Open davidlpgomes opened 2 months ago
Hey, great contribution! 😄 Could you provide some benchmarks to illustrate how much the rolling AUC calculation has sped up?
Hey @AdilZouitine, thanks! My team and I are the writers of the paper mentioned.
In the paper, we ran several experiments with various stream datasets, comparing our prequential algorithm with the batch version (in addition to scikit-learn's batch implementation).
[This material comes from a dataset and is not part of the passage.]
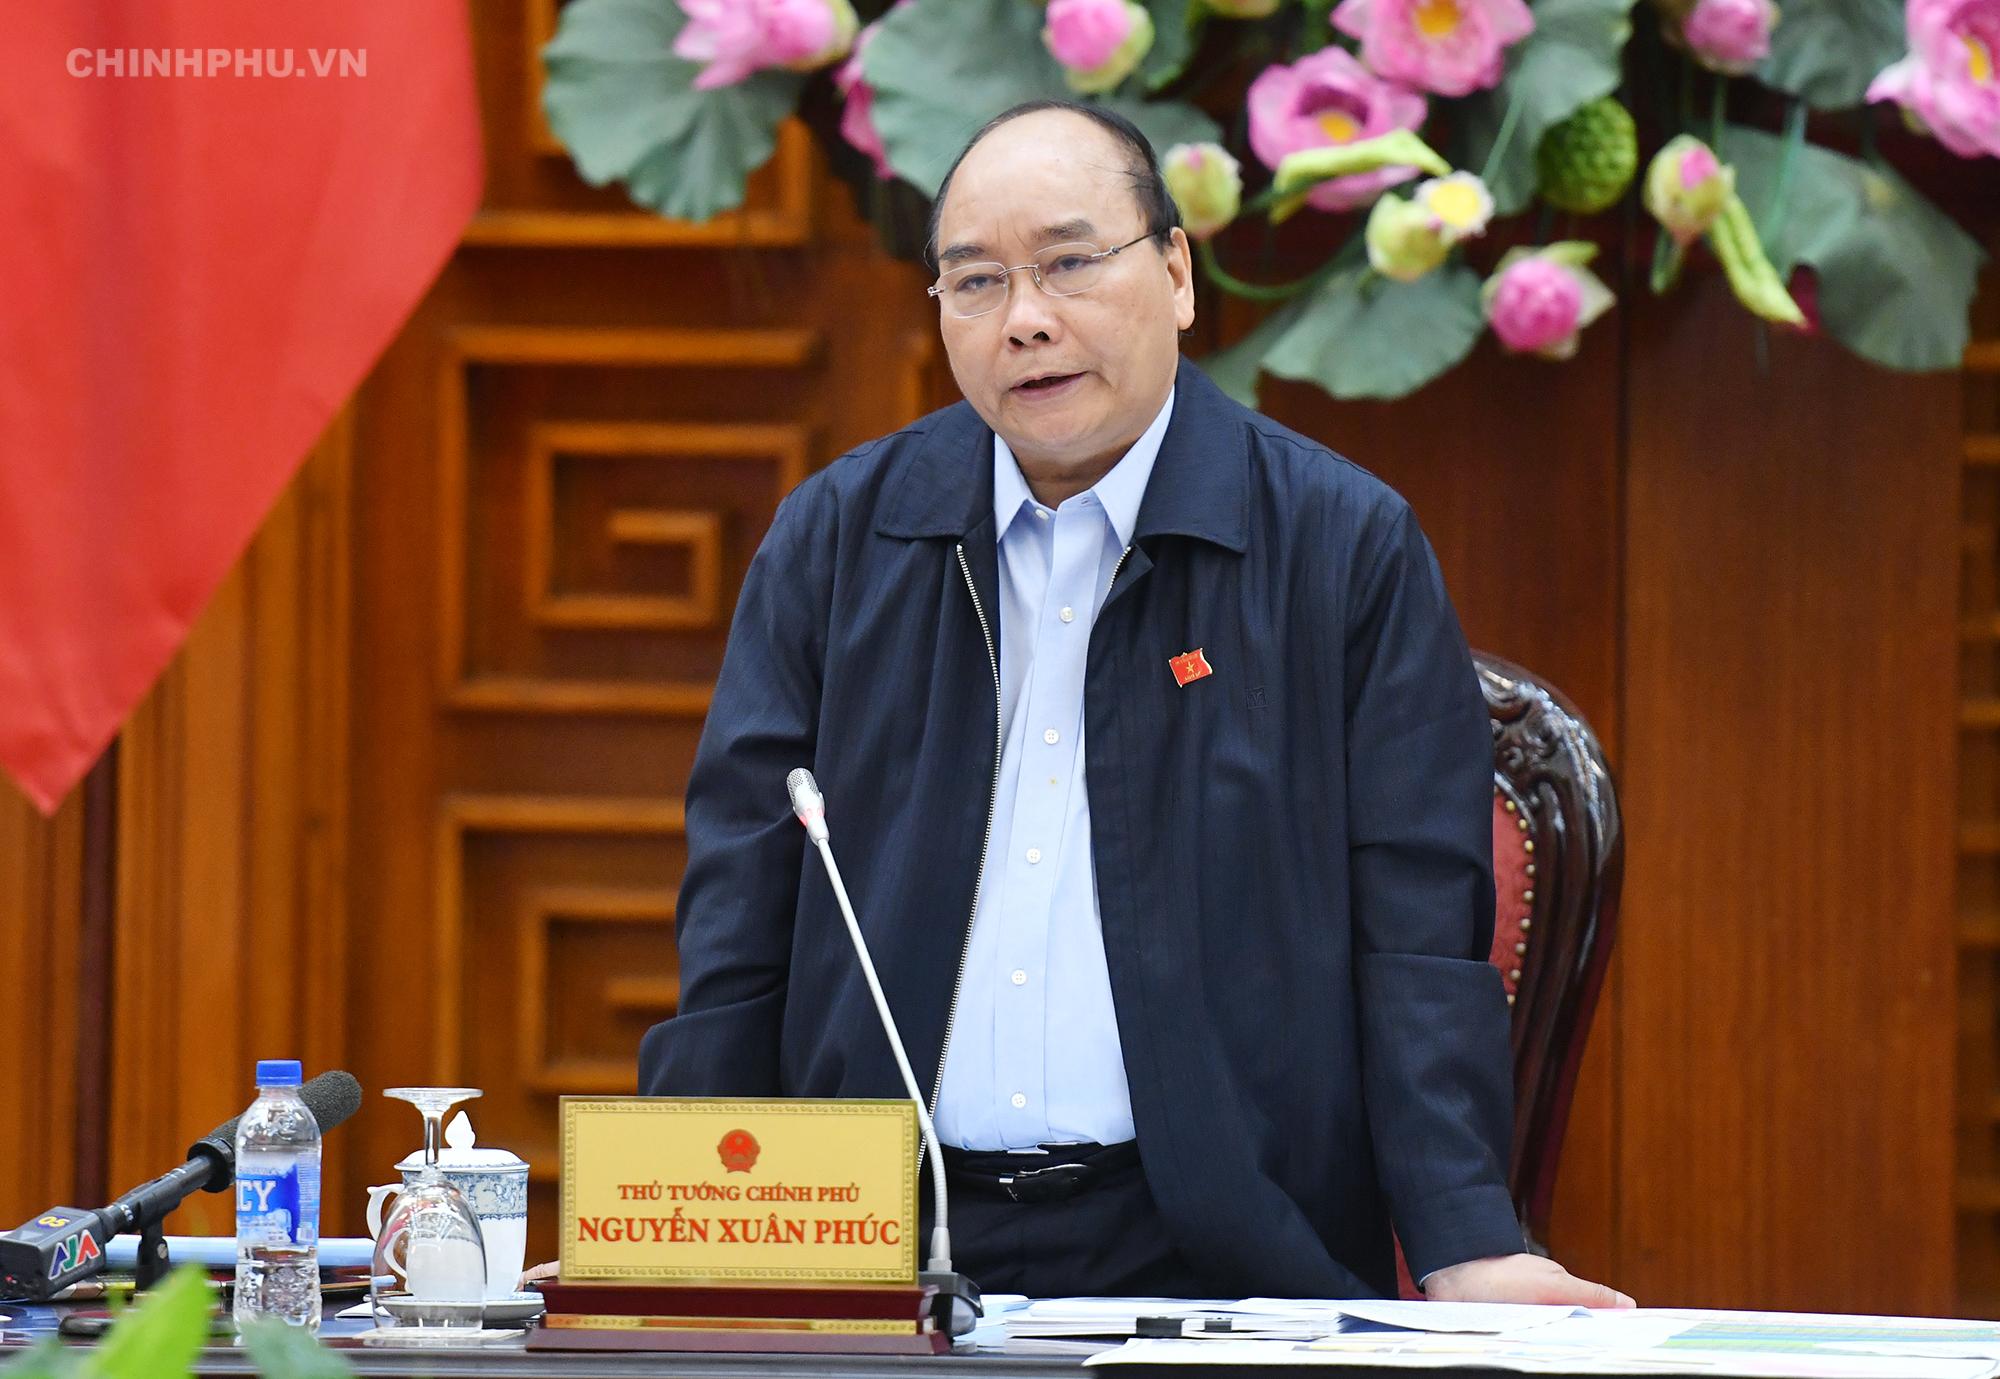 """Thủ tướng lưu ý, không để đầu tư chống sạt lở như '""""ném đá ao bèo"""". Ảnh: VGP/Quang Hiếu"""

On average, our algorithm proved to be 13 times faster, using 12 times less energy, compared to the batch algorithm (using a window of size 1000).
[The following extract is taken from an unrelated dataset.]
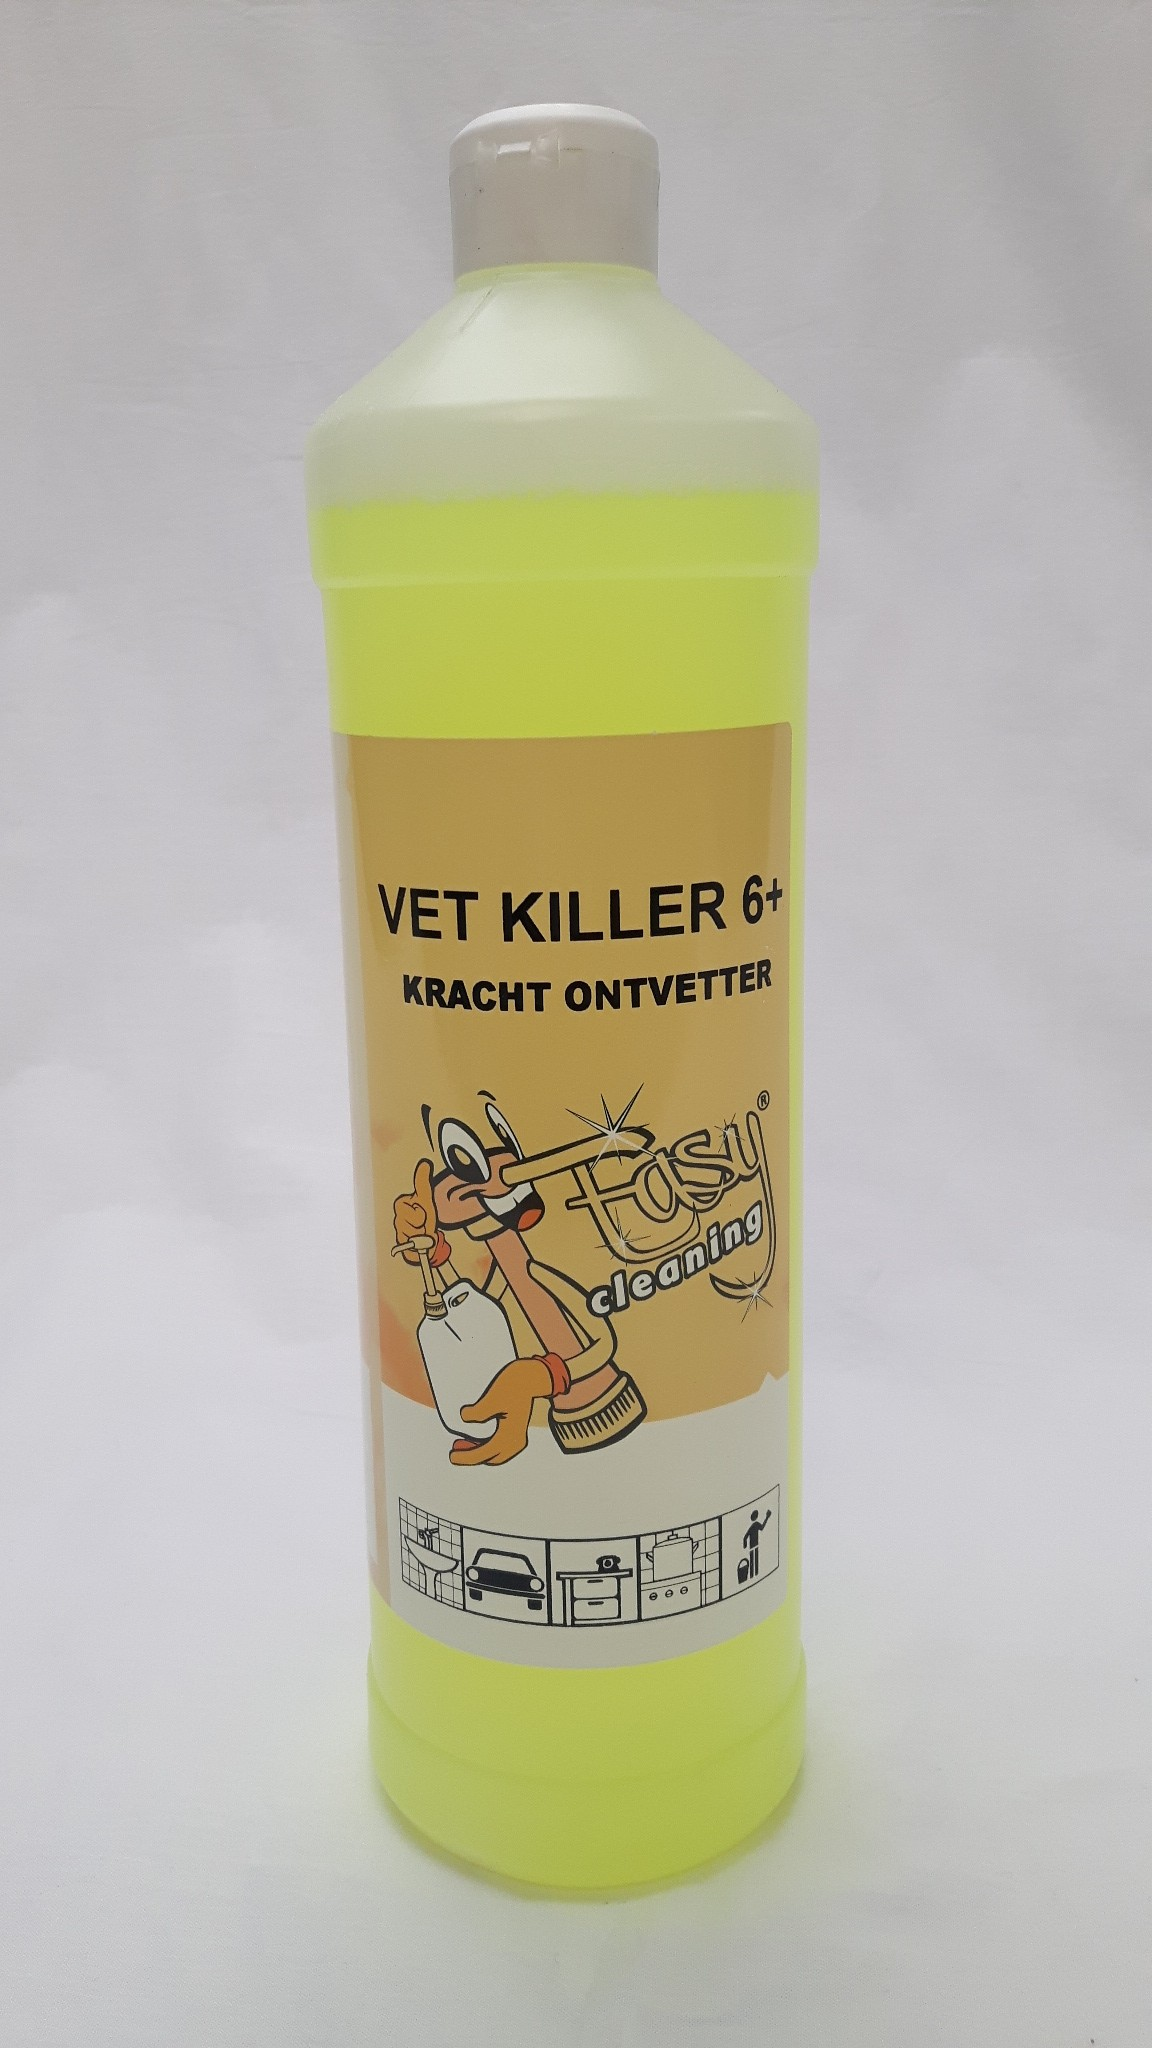 Vet Killer Nr. 6+ concentraat 1 liter

I will implement a simple stream experiment comparing the time spent to calculate the AUC-PR using our prequential algorithm and the batch version. I'll send the link to the repository when I'm done 😃
Hey, @AdilZouitine, the benchmarks (code and results) comparing the Rolling AUC-PR and the Batch AUC-PR are presented on my benchmark-aucpr repository.
The Rolling algorithm is the same as the contribution, with some unused functions removed. The Batch AUC-PR function has a similar algorithm, but does not store a window of samples, instead, receives the scores and y_true as parameters.
In the benchmarks, they are used directly in C++, i.e., without Cython/Python.
A C++ implementation of the Prequential/Rolling AUC-PR, it uses Cython to compile the code.
It uses a sliding window of size S, calculating the precise (i.e., not an approximation) AUC-PR with the last S seen instances.
Based on Gomes, Grégio, Alves, and Almeida, 2023.